Traditionally, the flowers were used in soups and stews in 2 ways. In the commonest, they were thickeners -- put in at the beginning, the fragile flowers cooked away into the broth and had no individual identity. Put in near the end, they were heated through, softened a bit (especially the female blossoms, which have tiny squashes or pumpkins forming at the stem end) as a sort of vegetable -- although the rest of the soup or stew was likely to be full of dried berries, so maybe I should say as another fruit.

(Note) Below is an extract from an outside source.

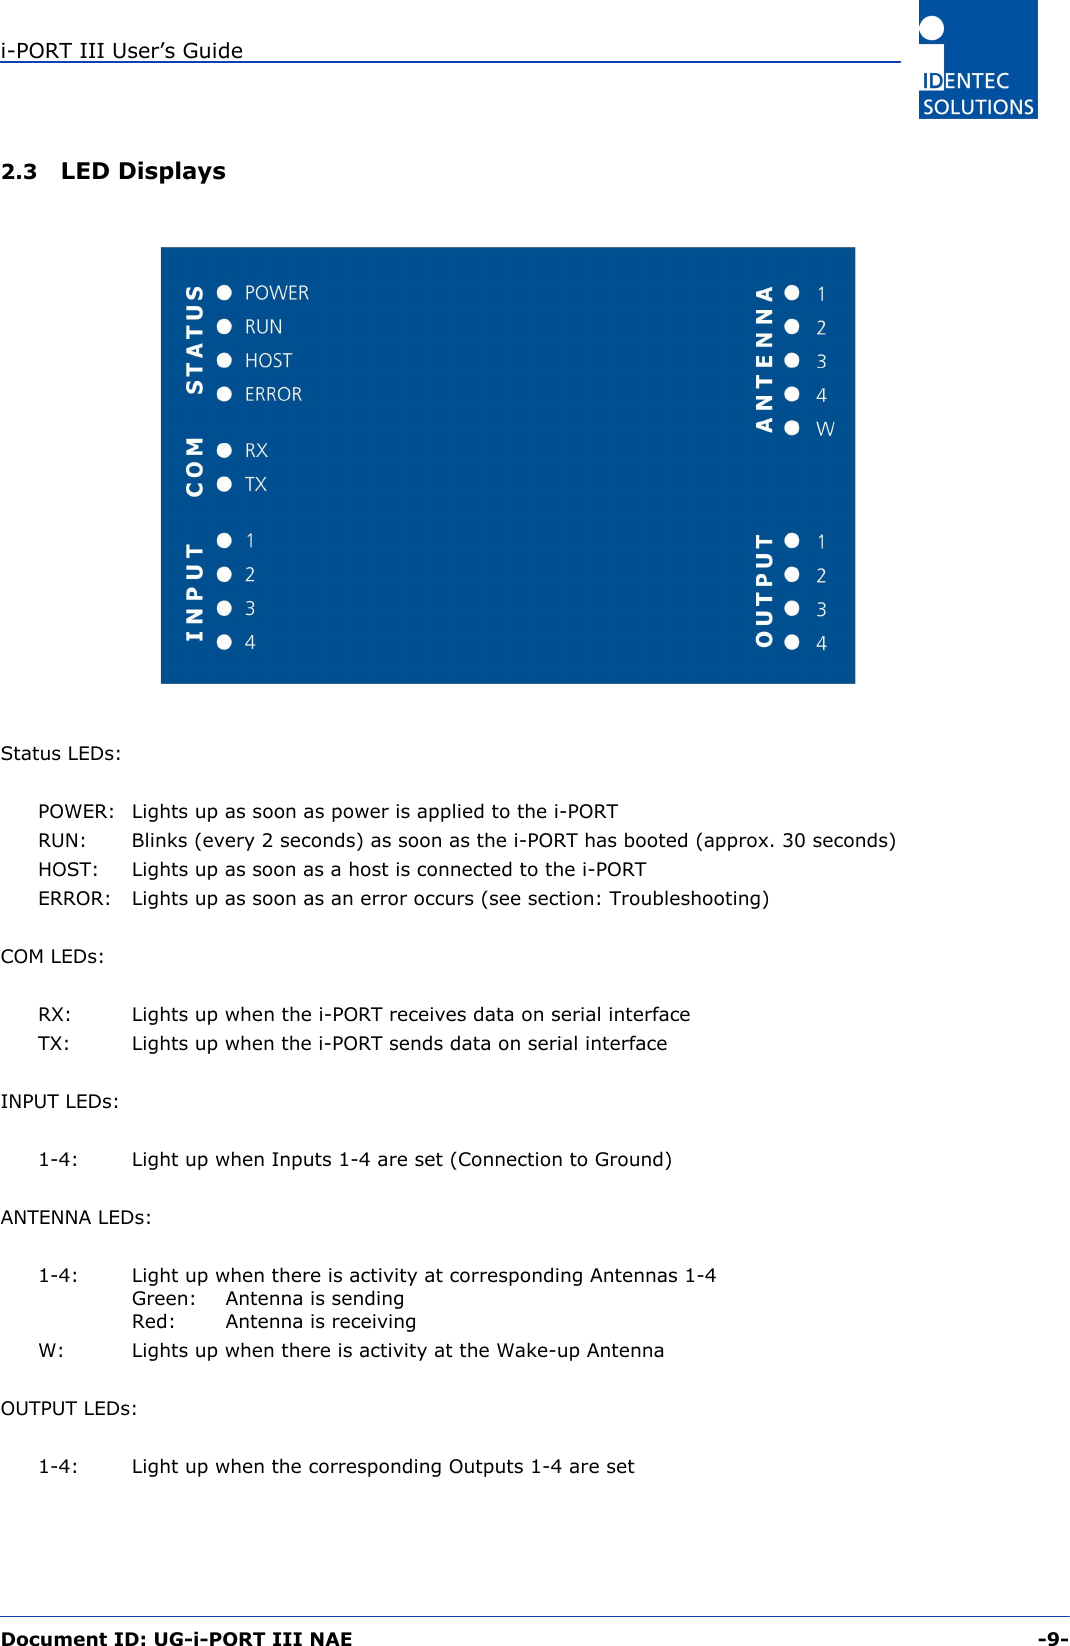 i-PORT III User’s Guide  Document ID: UG-i-PORT III NAE     -9-  2.3  LED Displays     Status LEDs:    POWER:  Lights up as soon as power is applied to the i-PORT    RUN:  Blinks (every 2 seconds) as soon as the i-PORT has booted (approx. 30 seconds)   HOST:  Lights up as soon as a host is connected to the i-PORT   ERROR:  Lights up as soon as an error occurs (see section: Troubleshooting)  COM LEDs:    RX:  Lights up when the i-PORT receives data on serial interface   TX:  Lights up when the i-PORT sends data on serial interface  INPUT LEDs:    1-4:  Light up when Inputs 1-4 are set (Connection to Ground)  ANTENNA LEDs:    1-4:  Light up when there is activity at corresponding Antennas 1-4 Green:  Antenna is sending Red:  Antenna is receiving   W:  Lights up when there is activity at the Wake-up Antenna  OUTPUT LEDs:    1-4:  Light up when the corresponding Outputs 1-4 are set

Up north here, these fritters were traditionally made with pumpkin and squash flowers too. No chile or cumin was used, and about 1/2 tsp (or no) salt. A batter of flour would be more likely to be used than cornmeal if there was a good trade supply of it, because although some corn was raised, it was nowhere near as much as in the southwest, and a bit farther north of the Great Lakes, the growing season is too short for curcurbitae.

The blossoms were most often eaten as a sweet with maple syrup or sprinkled with maple sugar -- and that's still a great way to eat these fritters, too ~- blossom-beignets. You can also sprinkle them with sifted powdered sugar, as with New Orleans beignets.